There's a very, very scary article from Michael Gove in the Times about punk. He got worked into a lather of nostalgia after reading something by his colleague Mary Ann Seighart, which from Gove's account (I haven't read it and can't be bothered looking for it) expounded the not unreasonable proposition that punk was a pile of shite. Michael responds, reminiscing about the days when he was an "anarkyste":

"I, despite what the byline photo may suggest, was too young to be swept up in the first phase of the movement. They didn't let us pierce any part of our body at Sunnybank Primary School. But the truth about punk is that its appeal, or lack of it, isn't about age. It's about attitude."
He didn't know what he wanted, but he knew how to get it; he wanted to destroy passers-by. Then he went on to Robert Gordon College, then to Lady Margaret Hall, Oxford where he joined the Conservative Party. But he obviously kept the embers of punk rebellion burning in his soul:
"But the division between the natural hippy and the instinctive punk isn't just a matter of musical taste or even class-consciousness. It colours your attitude to politics. Was your first response to the political challenges of the early Eighties the hope that we could once again Teach the World to Sing in Perfect Harmony? In other words, were you inclined, like Mary Ann, to believe in the noble dream that was the SDP? Or were you, like me, inclined to think that after 40 years of social democratic drift it was time to Rip it Up and Start Again?"

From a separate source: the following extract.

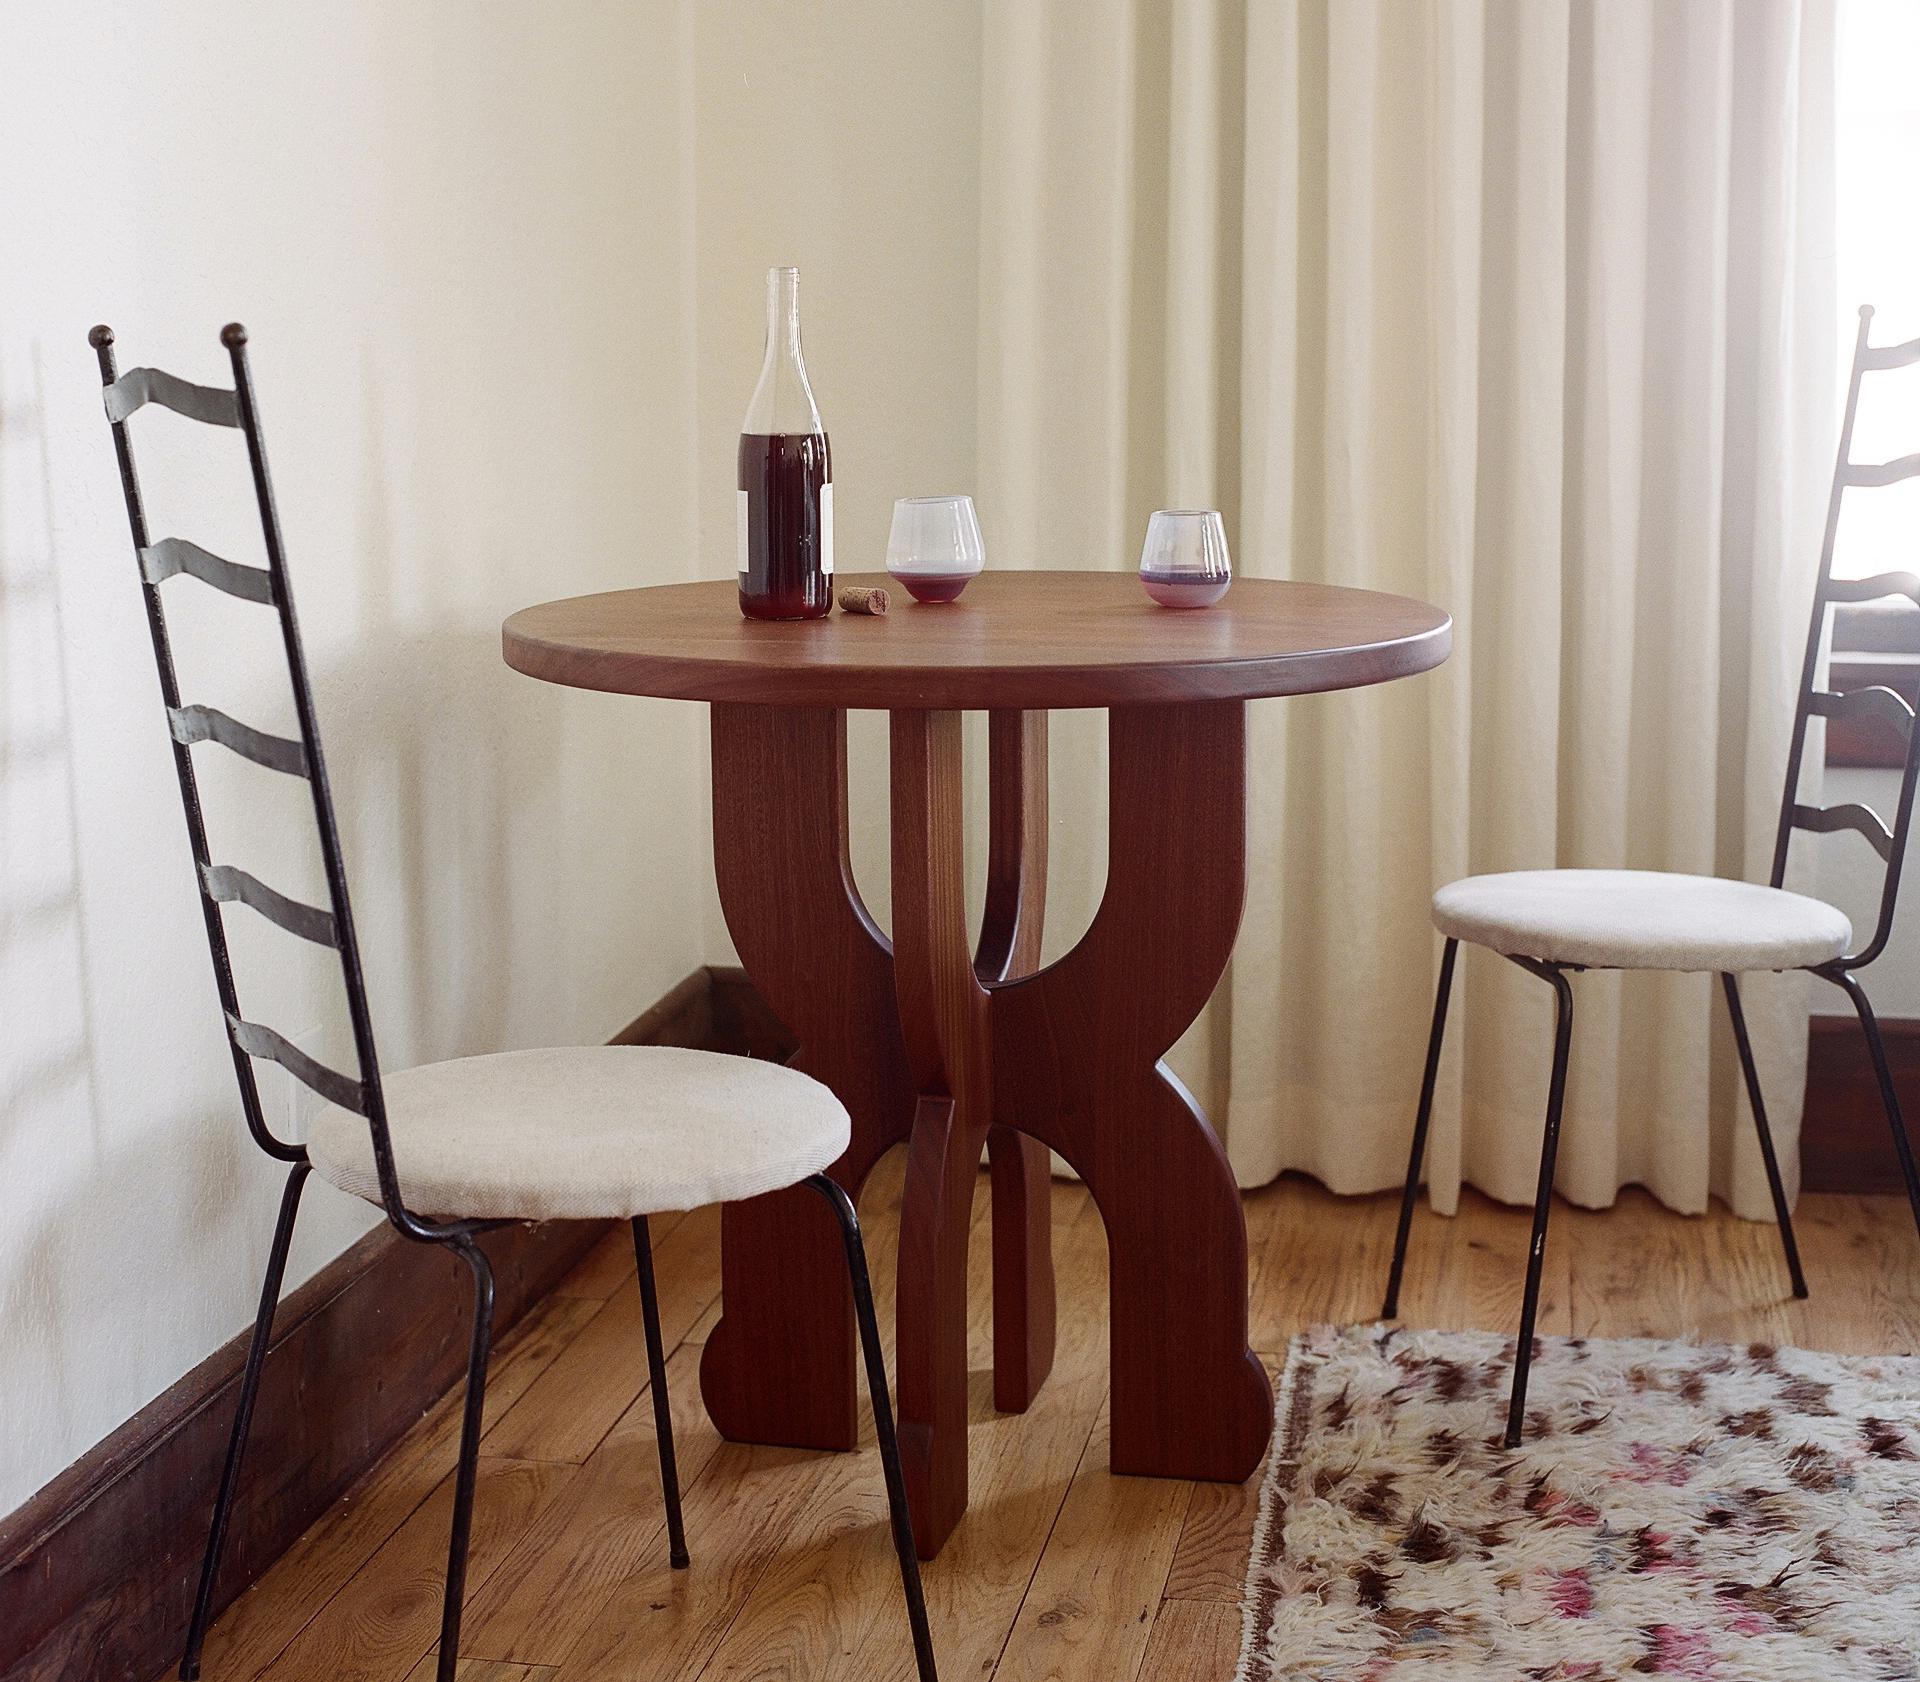 La table à vin Table se caractérise par des courbes douces et une silhouette ludique. Petite mais polyvalente, elle peut être utilisée comme table d'entrée, table d'appoint surdimensionnée pour le canapé ou petite table pour le coin petit-déjeuner.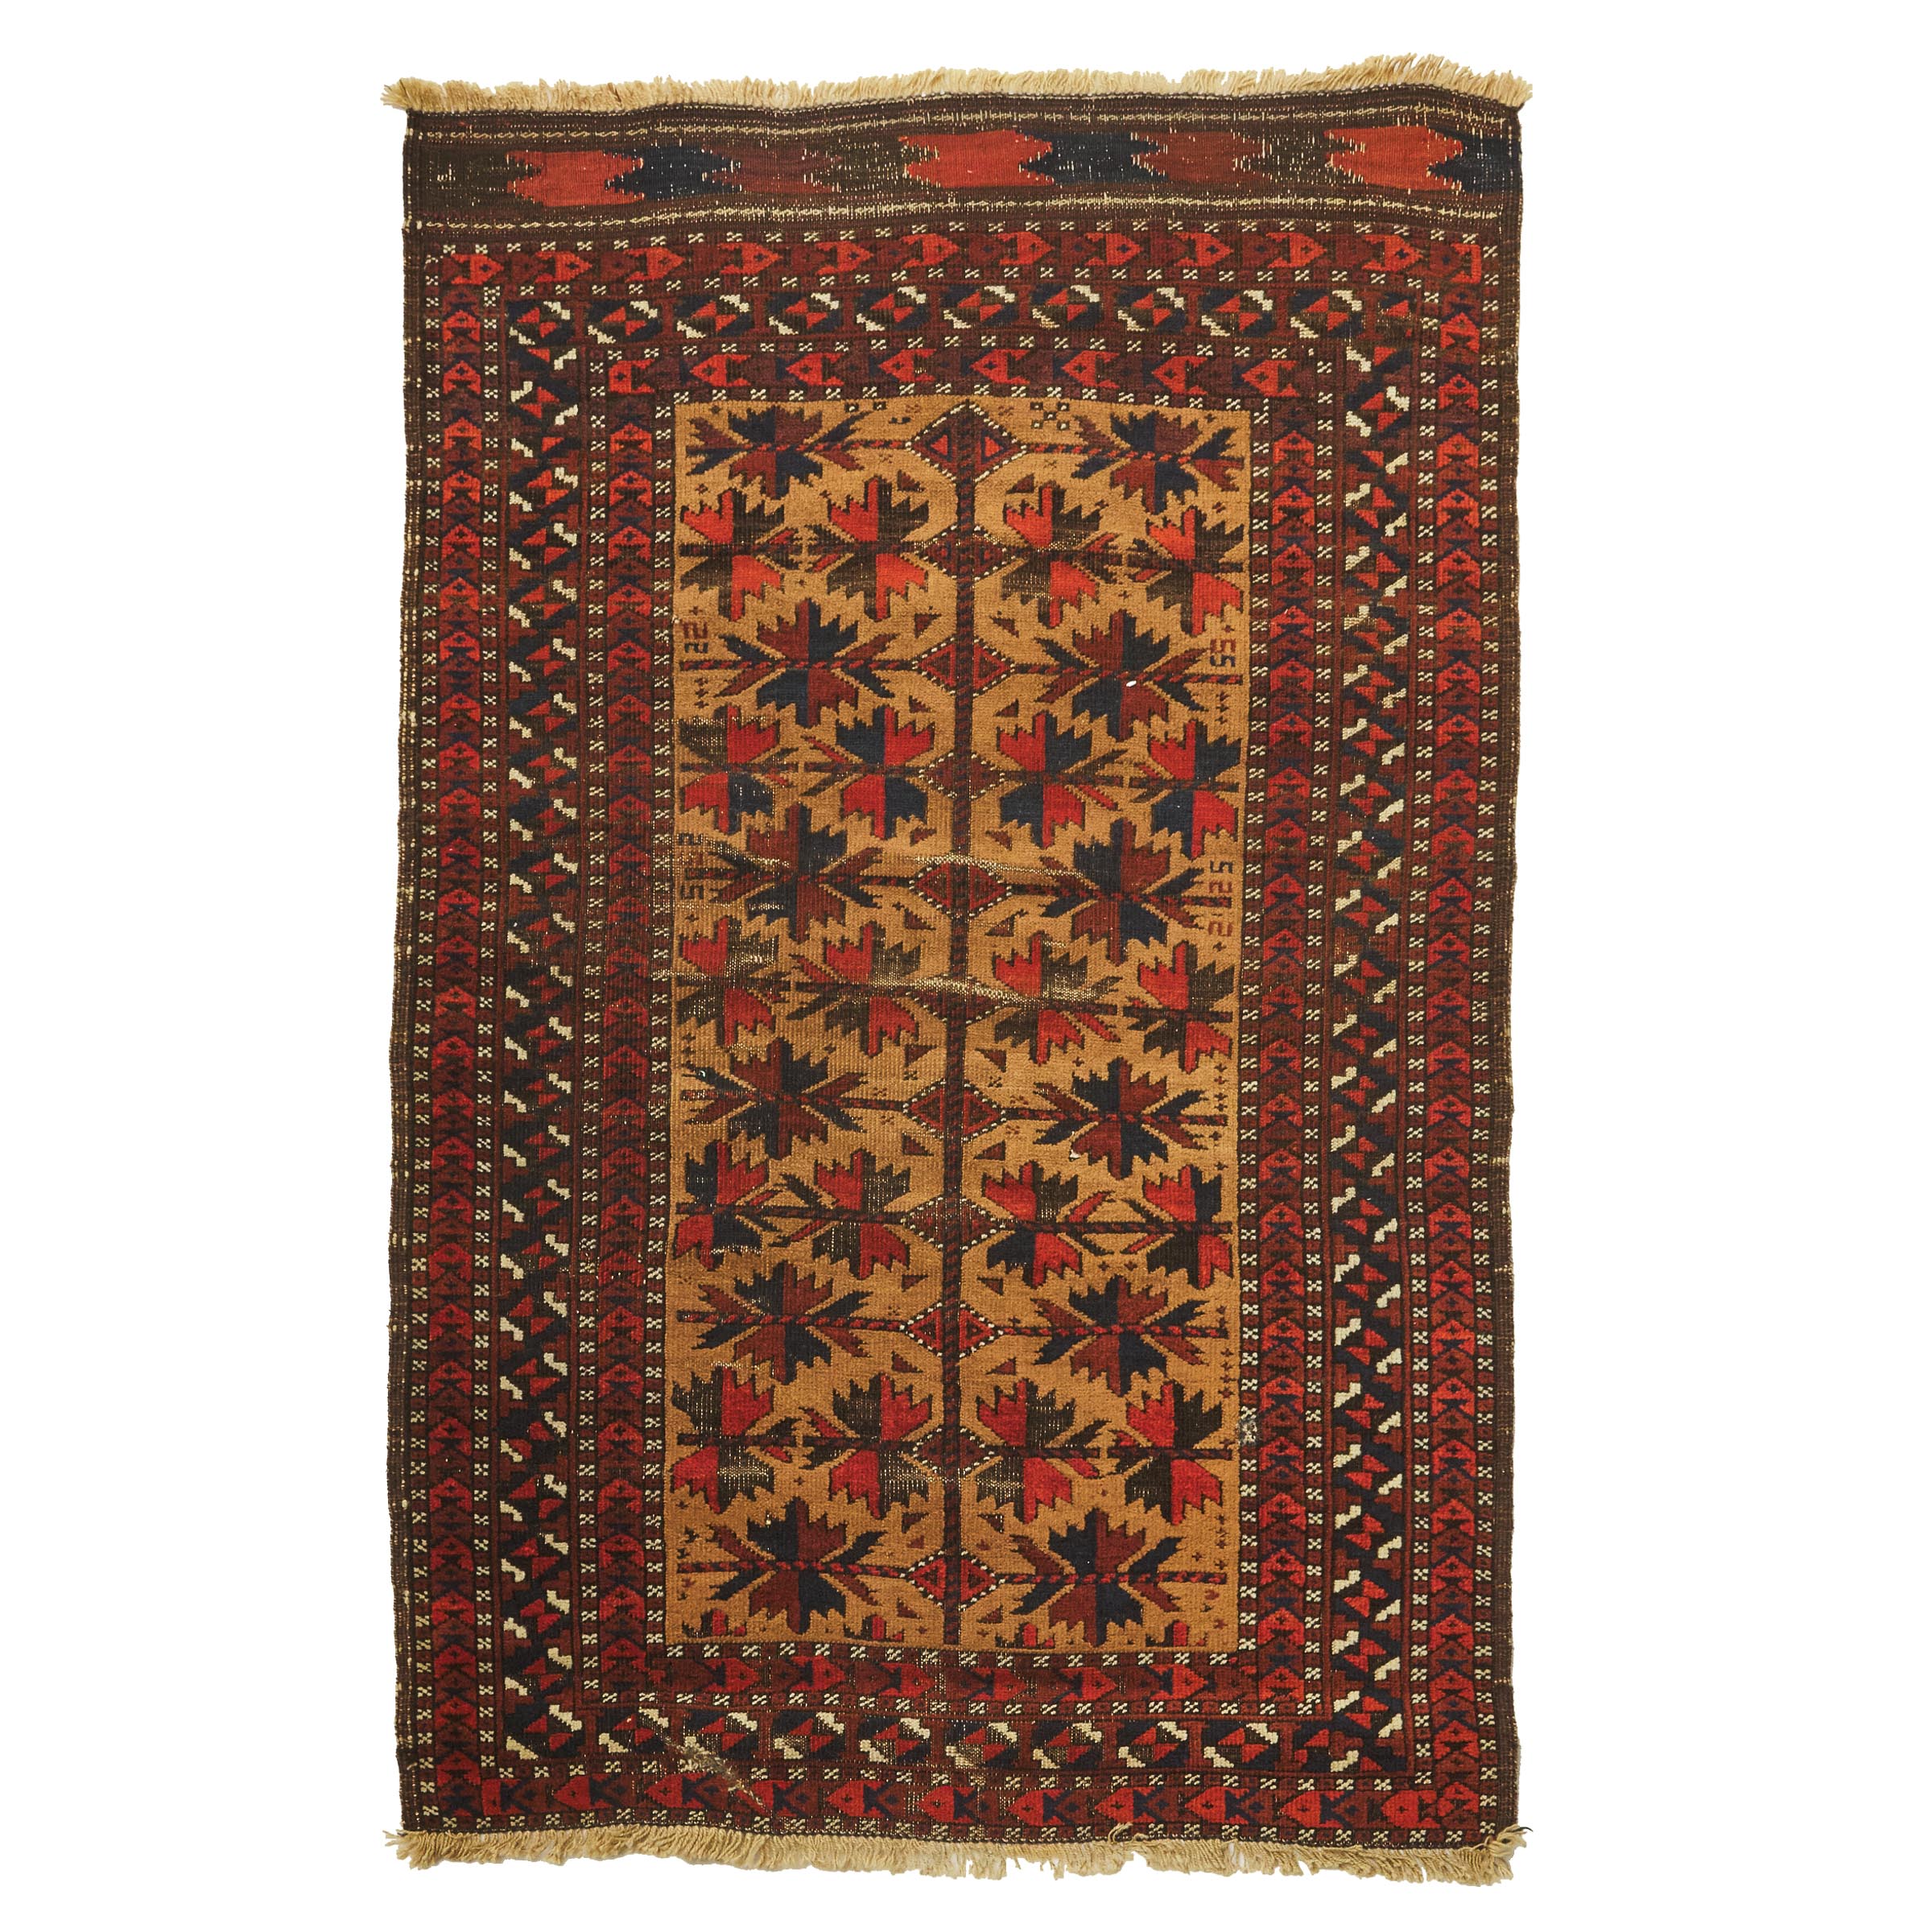 Belouchi Tribal Rug, Persian, c.1880/90

Um, well I did vote SDP but only because that tit Galloway became the Labour candidate - but fundamentally, none of the above. I'd just left school and my initial reaction was, "Shit - there's no jobs". Now the thing is, unemployment has this way of putting you in touch with your inner-hippy, as it were. It's all the leisure time, y'see. Then you realise angry young men, full of testosterone and taking their frustration out in their music has all been done before - only rather better, and that this was only possible because they stood on the shoulders of two African-Americans called Muddy Waters and Johnny Allen Hendrix, who between them invented electricity.

It's maybe because of this I've lost the "raw aesthetic" Gove refers to:
"Our tea is unperfumed, as are our candles."
Phew! Unperfumed candles? I think you'll agree aesthetic sensibilities don't come much rawer or more uncompromising than that - very Mike Leigh. The man's an animal, I tell you.